The normal fear of failure which blotted the style of so many international players did not prey on him. Known for his impulsive, uninhibited stroke-play, he always gave the opposition bowlers a chance, but then not too many players have proved as much a terror. No wonder he admired the great Viv Richards, the ultimate champion of explosive batting.

This batting iconoclast lasted his course entertaining the masses whenever he played. He trotted around on the pitch with a mind uncluttered by the usual pressures. In a marked deviation from their normal understated ways, the Black Caps oozed self-belief, even belligerence, and surged ahead during his tenure as the leader.

He was never a purist’s delight, though the paying public loved the incredible innovation and breath-taking improvisation that marked his batting.

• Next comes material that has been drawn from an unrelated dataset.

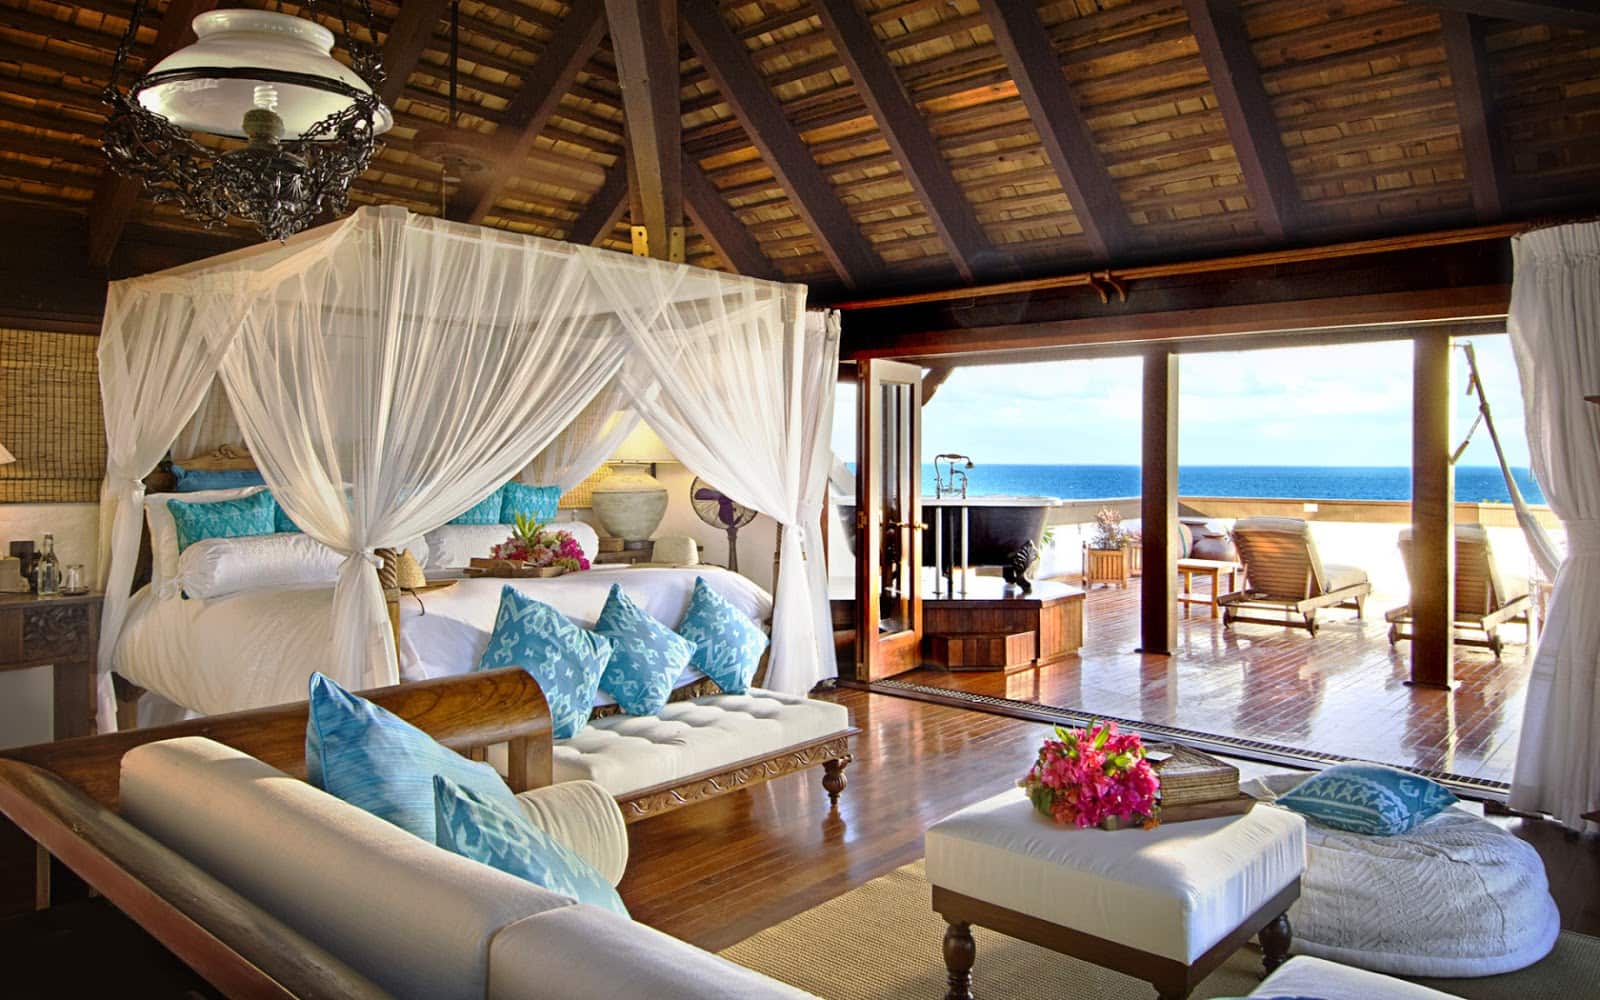 Ortasında beyaz gölgelik yatak bulunan okyanus kıyısındaki bungalovun harika açık alan tasarımı
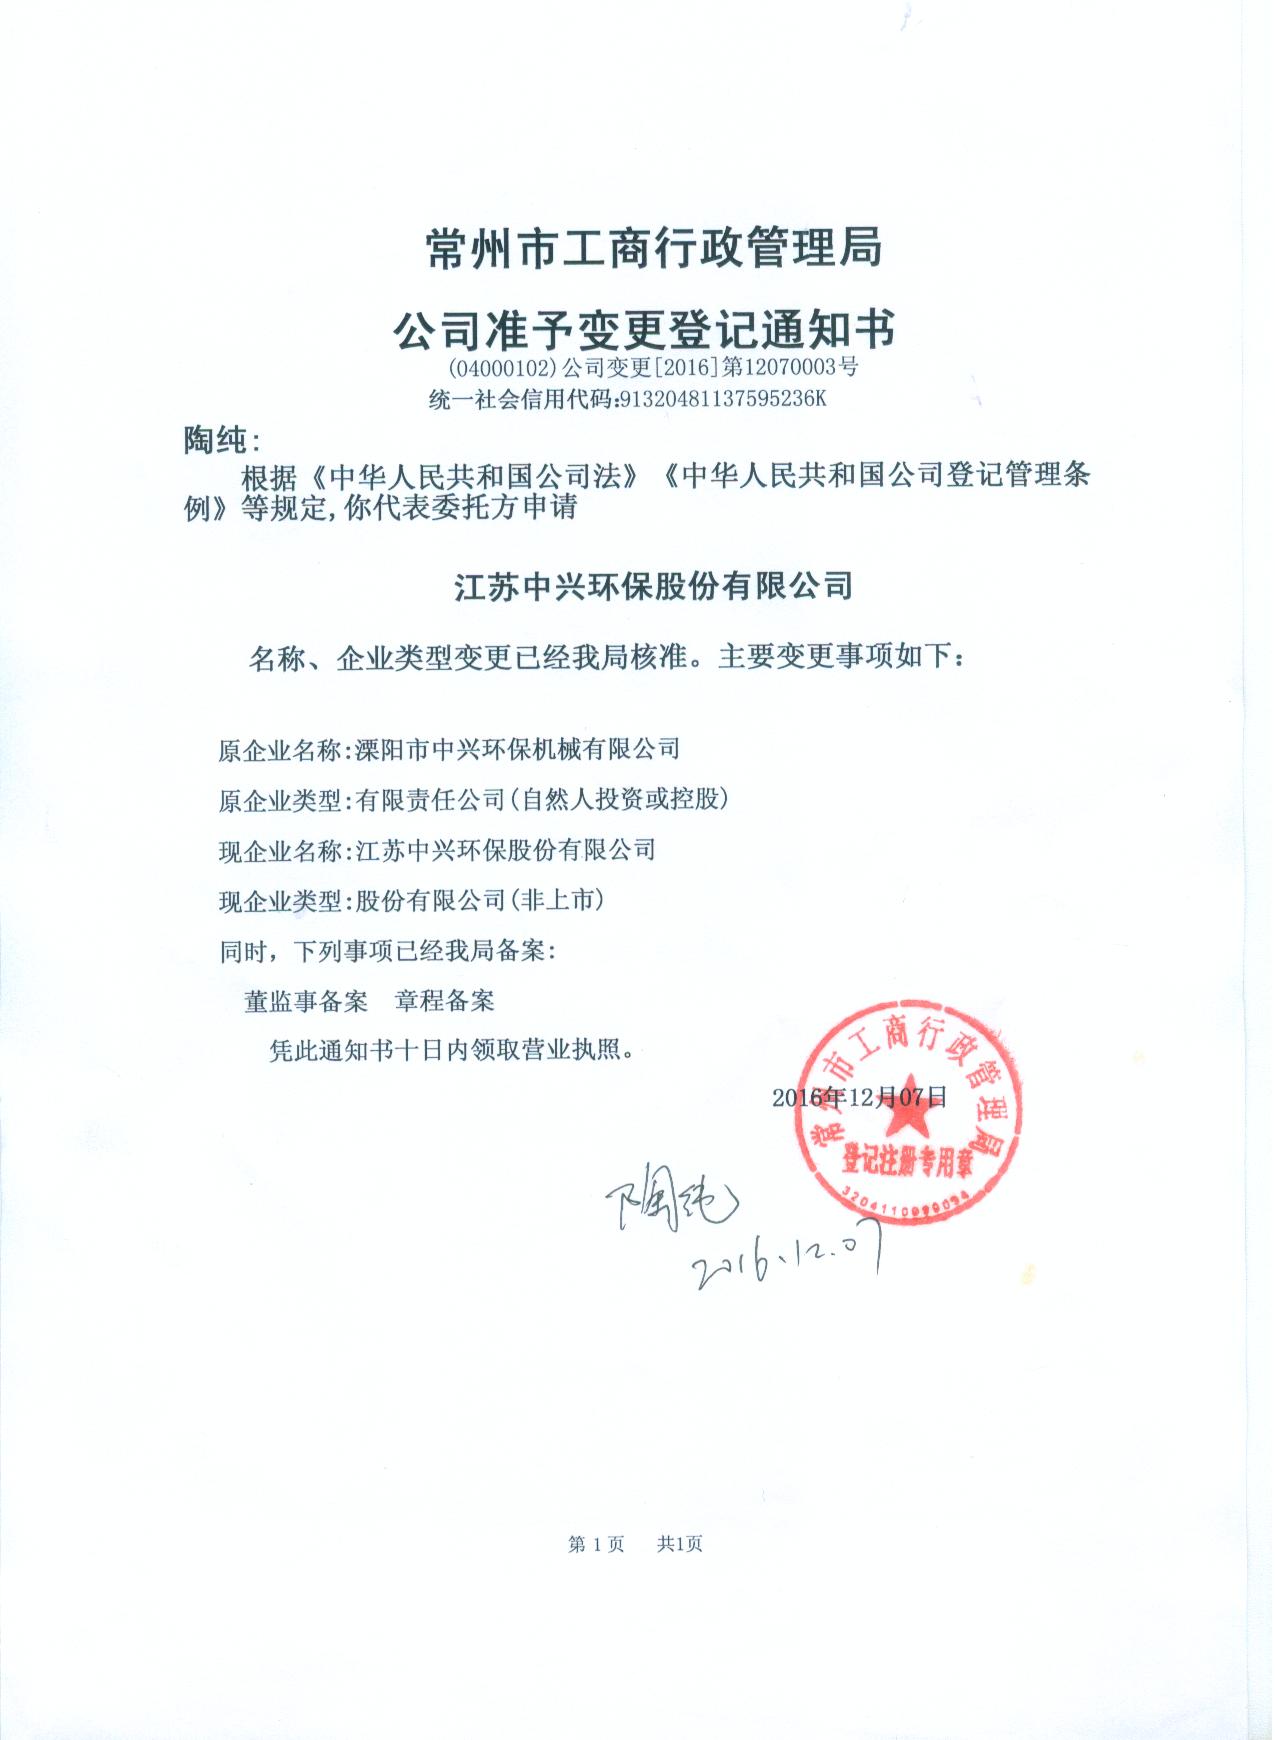 2016年12月07日公司股改更名为江苏中兴环保股份有

His feverish pace was not blind fury, but rather the consequence of a deliberate strategy to upset the plans of the opposition, and a desire to dominate bowlers. There was a method in his madness, as he displayed in the triple century in a home Test against India. McCullum demonstrated a totally different facet of his prowess in that epic innings, showing he was no one-trick pony as he decimated India’s bowling.

But it was the shortest form of the game where he was most spectacular. During a T20 international in 2010 at Lancaster Park, Christchurch, he demolished the Aussie pacers in a sensational batting exhibition, scoring a century at his versatile best.